Довольно быстро я оказалась перед окошком, за которым сидела очень важная белесая девица. Думаю, она была на пару лет старше меня и занимала, разумеется, самую низкую ступень в консульской иерархии. При этом она ощущала себя истинной вершительницей человеческих судеб – ведь от ее «да» зависели жизненные планы стоящего перед ней человека. А особенно жизнь каждого зависела от ее «нет».
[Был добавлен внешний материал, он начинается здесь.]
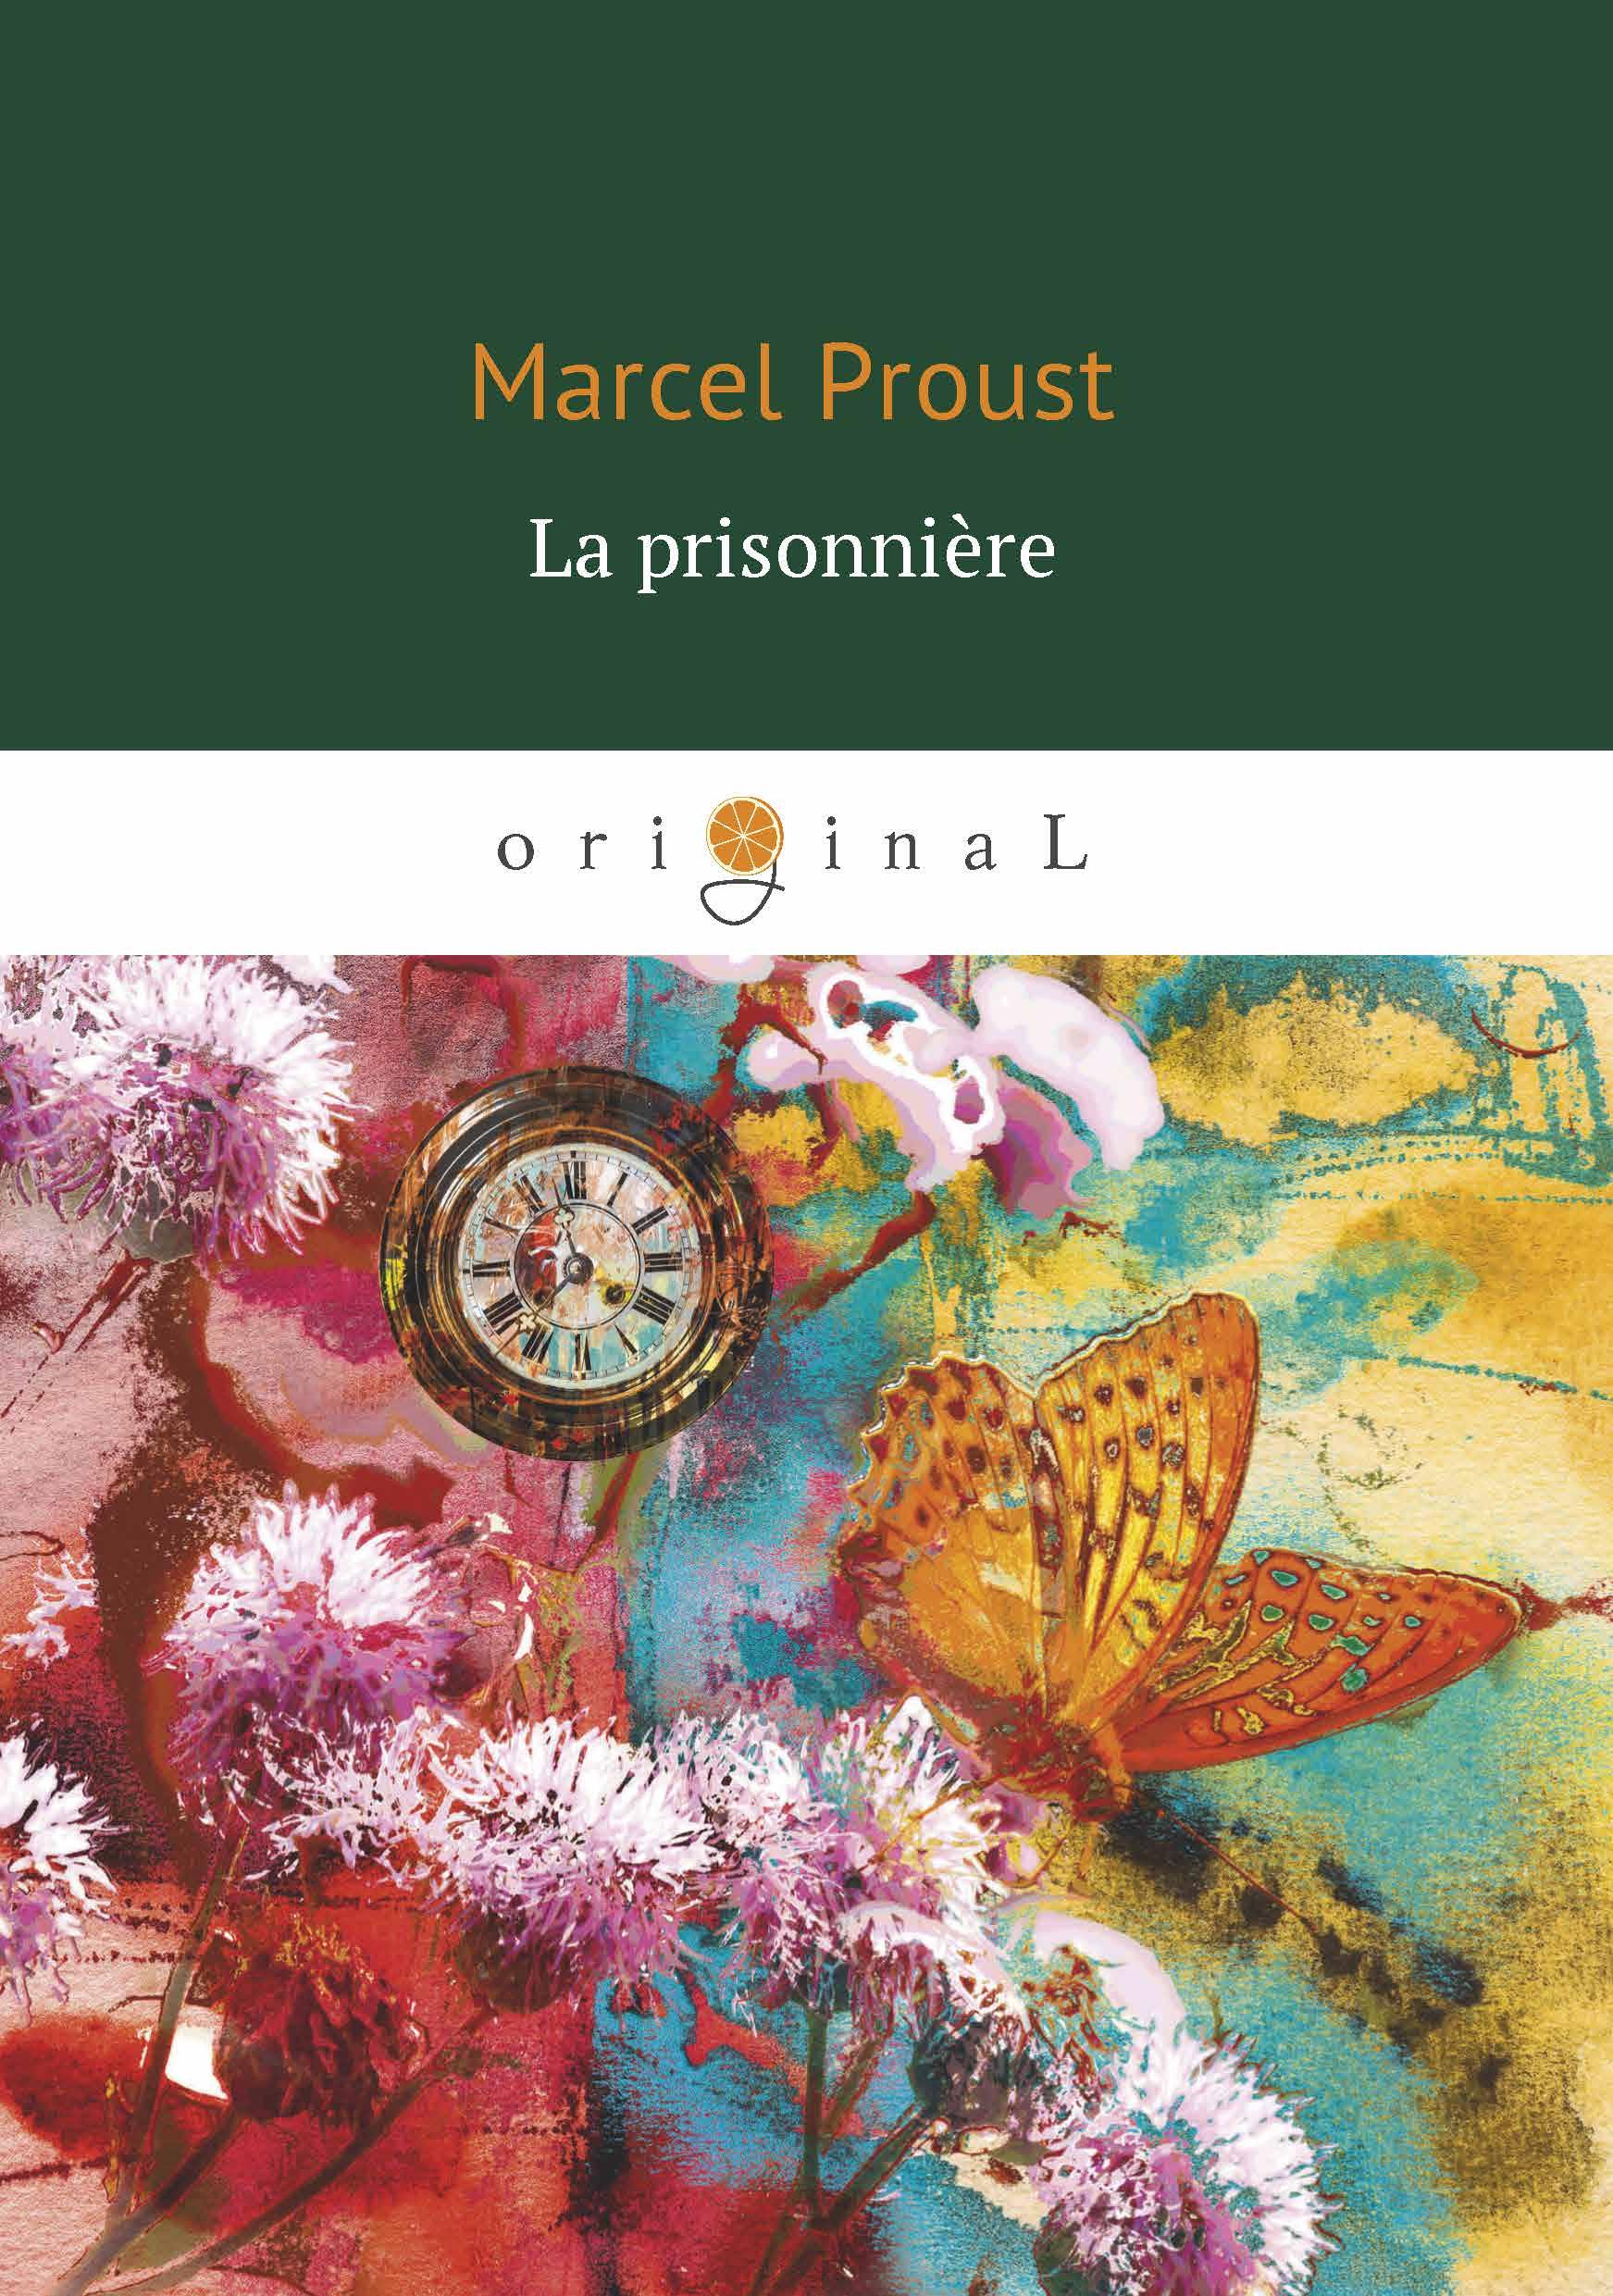 Marcel Proust La prisonniere marcel proust eine liebe swanns

Она сразу начала говорить со мной по-русски, с чудовищным акцентом и очень брезгливо. Все ее вопросы упирались только в одно – в твердую уверенность, что я желаю нелегально поселиться в ее драгоценной стране и тем самым нанести ущерб американской экономике и всему американскому народу. Я предложила не мучиться и перейти на английский, так как владела им, по крайней мере, несравнимо лучше, чем она русским. Но это предложение вызвало у девицы массу дополнительных подозрений, усугубившихся тем, что мне практически ничего не было известно о пригласившей меня организации. Настроение мое, и так испорченное встречей с Николиным семейством, ухудшилось еще больше. Терпеть эту самодовольную маленькую дрянь совершенно не хотелось. В конце концов, я смогу просто извиниться перед неизвестными людьми, пригласившими меня, и сообщить им, что мне просто не дали визы, что случается очень часто. После дурацкого вопроса, кто были мои родители и как я могу объяснить свою избыточную смуглость, я, сдерживаясь, чтобы не гаркнуть во весь голос, жестко ответила:
– Я не буду больше отвечать вам. Вам не нравится цвет моей кожи? Нет проблем. Но я не имею дела с расистами!
При этих словах дернулась не только изводившая меня белобрысая девица, но и сидевший с ней рядом иссиня-черный парень, потомок африканских рабов.
– Как уи могежте гаварить так! – поддержал он свою коллегу.